Recently adopted accounting pronouncements

In October 2016, the FASB issued ASU No. 2016-16, Income Taxes (Topic 740): Intra-Entity Transfer of Assets Other than Inventory (“ASU 2016-16”), which requires the recognition of the income tax consequences of an intra-entity transfer (sales) of an asset, other than inventory, when the transfer occurs. The standard is effective for the Company beginning January 1, 2018. The Company does not currently engage in sale transactions with its wholly owned subsidiaries. Adoption of this standard did not have a material impact on the Company’s consolidated financial statements.

In March 2016, the FASB issued ASU No. 2016-09, Compensation—Stock Compensation (“Topic 718”): Improvements to Employee Share-Based Payment Accounting (“ASU 2016-09”). The new standard involves several aspects of the accounting for share-based payment transactions, including the income tax consequences, classification of awards as either equity or liabilities and classification on the statement of cash flows. The new standard was effective for the Company on January 1, 2017 with early adoption permitted. The Company elected to early adopt ASU 2016-09 on January 1, 2015 and has reflected the adoption in its consolidated financial statements. The adoption of ASU 2016-09 did not have a material impact on the Company’s consolidated financial statements.

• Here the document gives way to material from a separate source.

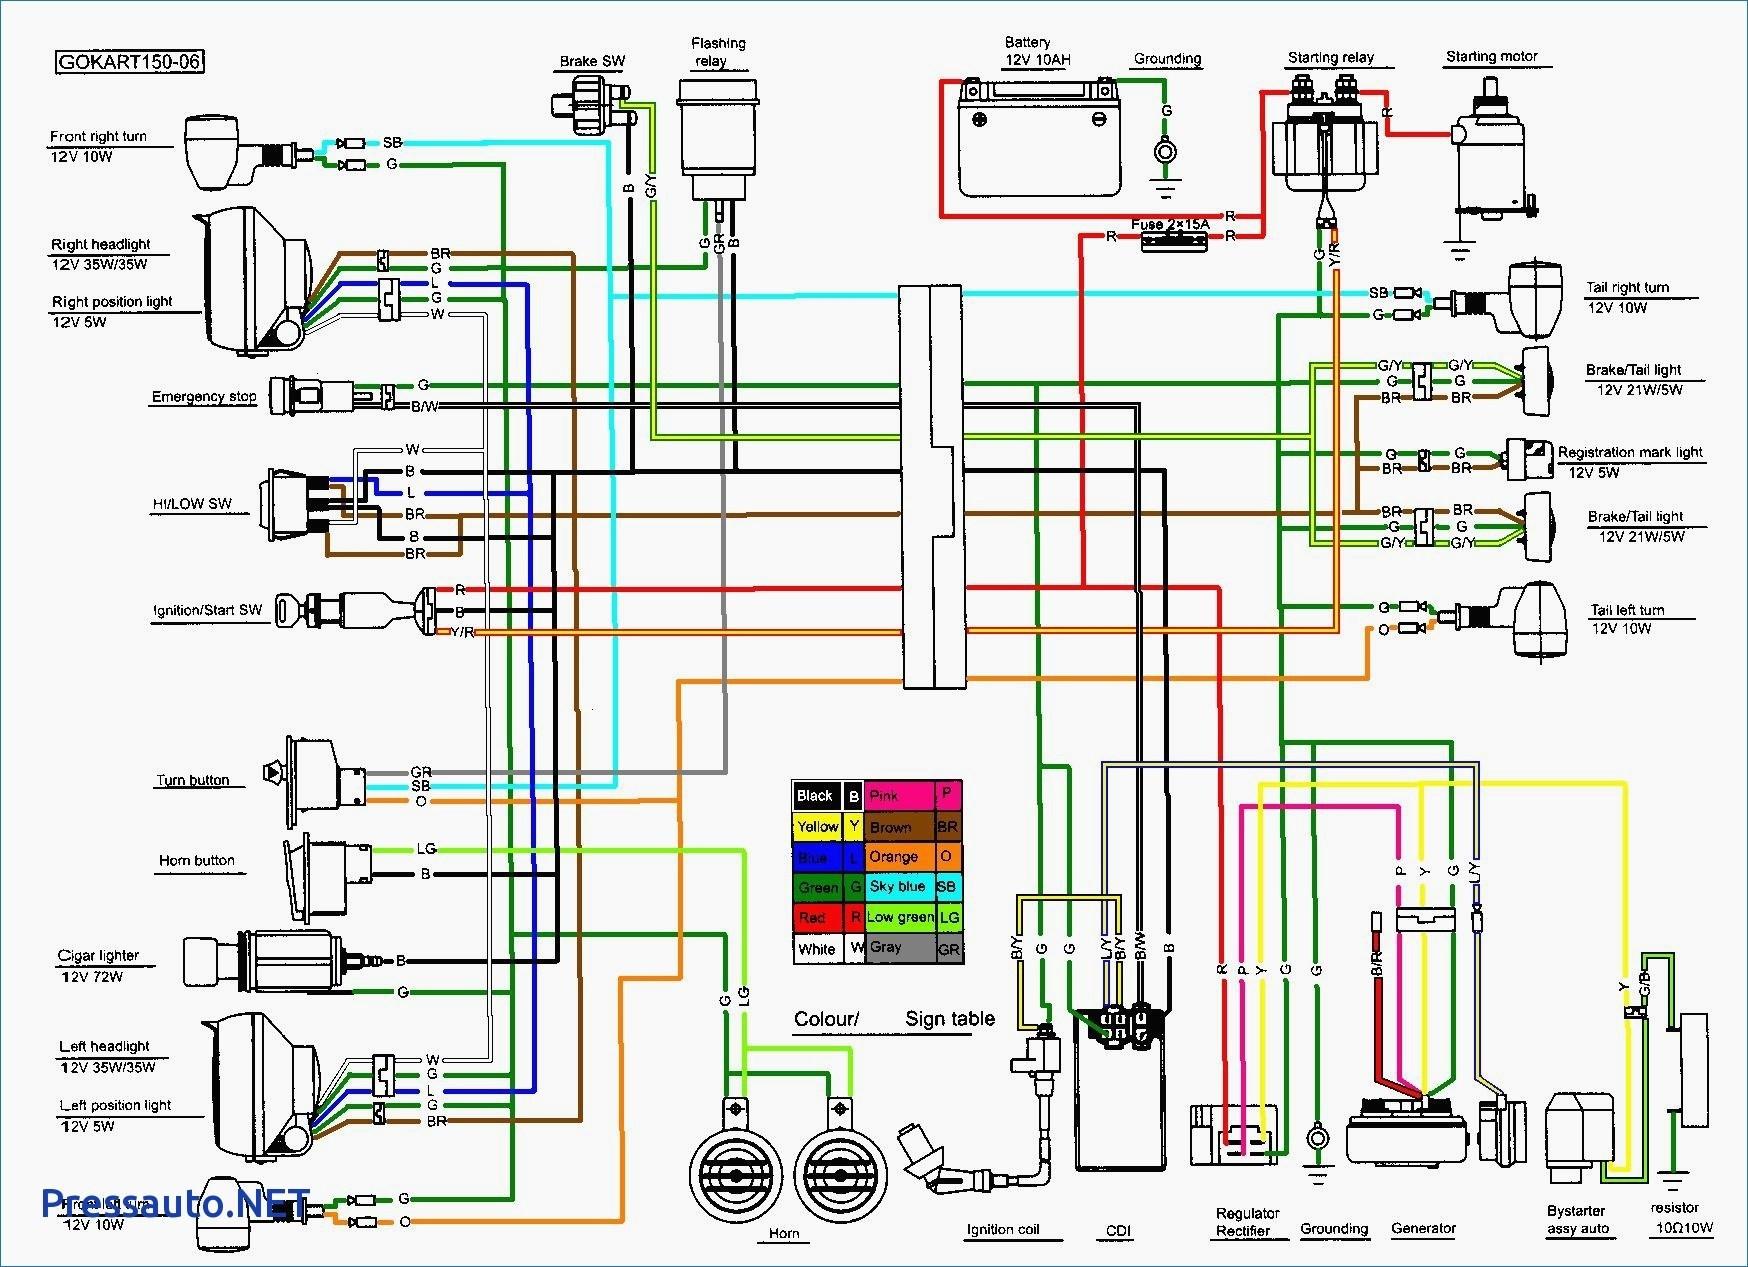 Taotao 110cc atv Wiring Diagram | Free Wiring Diagram

In November 2015, the FASB issued ASU No. 2015-17, Balance Sheet Classification of Deferred Taxes (“ASU 2015-17”), which requires deferred tax liabilities and assets to be classified as noncurrent in the consolidated balance sheet. ASU 2015-17 was required to be adopted for annual periods beginning after December 15, 2016, including interim periods within those fiscal years. The amendment may be applied either prospectively to all deferred tax liabilities and assets or retrospectively to all periods presented. The Company elected to early adopt this guidance on January 1, 2015 and classified all previously recognized deferred tax assets and liabilities as noncurrent. The adoption of ASU 2015-17 did not have a material impact on the Company’s consolidated financial statements as the Company recorded a full valuation allowance on deferred tax assets at January 1, 2015 and subsequent reporting period ends.

In November 2016, the FASB issued ASU No. 2016-18, Statement of Cash Flows (Topic 230): Restricted Cash (“ASU 2016-18”), which requires companies to include amounts generally described as restricted cash and restricted cash equivalents in cash and cash equivalents when reconciling beginning-of-period and end-of-period total amounts shown on the statement of cash flows. The Company complied with the requirement to adopt ASU 2016-18 for annual periods beginning after December 15, 2017, and interim periods within those fiscal years. The adoption of ASU 2016-18 did not have a material impact on the Company’s condensed consolidated financial statements as the Company did not have balances meeting the definition of restricted cash or restricted cash equivalents as of March 31, 2018 or December 31, 2017.

In January 2017, the FASB issued ASU 2017-01, Clarifying the Definition of a Business (“ASU 2017-01”). ASU 2017-01 clarified the definition of a business to assist entities with evaluating whether transactions should be accounted for as acquisitions of assets or businesses. The Company adopted ASU 2017-01 on January 31, 2018. The adoption did not have a material effect on the Company’s consolidated financial statements as the Company has not entered into transactions within the scope of ASU 2017-01.

On August 26, 2016, the FASB issued Accounting Standards Update No 2016-15, Statement of Cash Flows (Topic 230): Classification of Certain Cash Receipts and Cash Payments (“ASU 2016-15”) to clarify guidance on the classification of certain cash receipts and payments in the statement of cash flows. This guidance became effective for the Company for interim and annual periods beginning on January 1, 2018. The adoption of ASU 2016-15 did not have a material impact on the Company’s financial position, results of operations or cash flows.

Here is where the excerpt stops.